Les activités de ce centre sont variées : il s’agit d’accueillir et de conseiller les chercheurs du monde entier, de contribuer à l’édition des Œuvres complètes de Voltaire en cours de publication, d’approfondir la description des fonds bibliographiques, etc. N. Kopanev avait grandement contribué à éclaircir les différents aspects du commerce du livre français en Russie (en 1980 il publia un livre sur ce sujet, dont la version française vient de paraître).

Nikolaï Kopanev, Nicholas Cronk et Vladimir Zaïtsev

Nikolaï Kopanev, Nicholas Cronk et Vladimir Zaïtsev (de gauche à droite), à la présentation du volume 6 du Corpus des notes marginales de Voltaire, Bibliothèque nationale de Russie, le 21 septembre 2006.

En tant que conservatrice en chef de la Bibliothèque de Voltaire depuis 2014, je me suis attachée à faire connaître différents matériaux conservés dans les fonds manuscrits de la Bibliothèque de Voltaire et d’autres archives russes, tandis que ma collègue Mme Alla Zlatopolskaya s’est consacrée à l’étude des aspects de la réception de Voltaire et de Rousseau en Russie depuis l’origine jusqu’à aujourd’hui.

L’aspect le plus emblématique des activités du Centre d’étude du siècle des Lumières est incarné par les colloques internationaux qu’il a organisé presque chaque année depuis 2003 autour de thèmes spécifiques.

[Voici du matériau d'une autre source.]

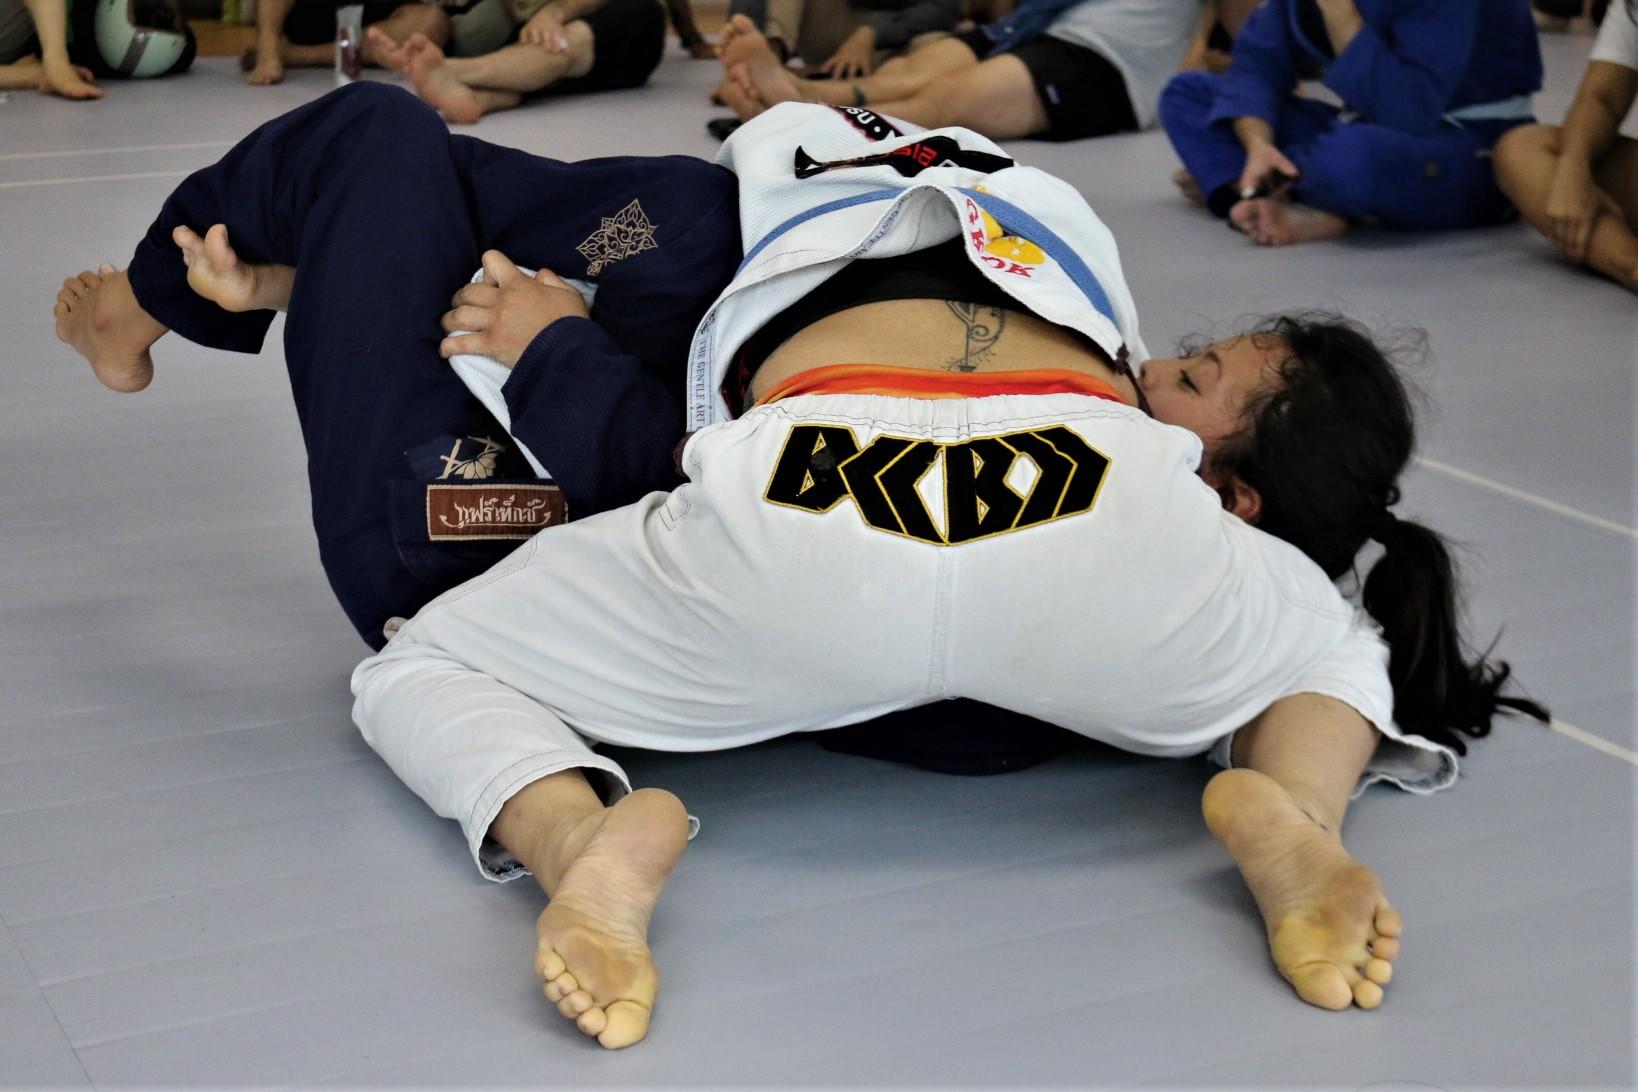 Bangkok BJJ competition

Les langues de travail en sont le russe et le français. Les colloques se tiennent au sein de la Bibliothèque nationale de Russie, qu’il s’agisse de son ancien site de la rue Sadovaya ou du nouvel édifice du Parc de la Victoire. Par-delà les communications des chercheurs, les conférences donnent lieu à de nombreuses activités culturelles : expositions de livres, concerts de musique baroque ou représentations théâtrales.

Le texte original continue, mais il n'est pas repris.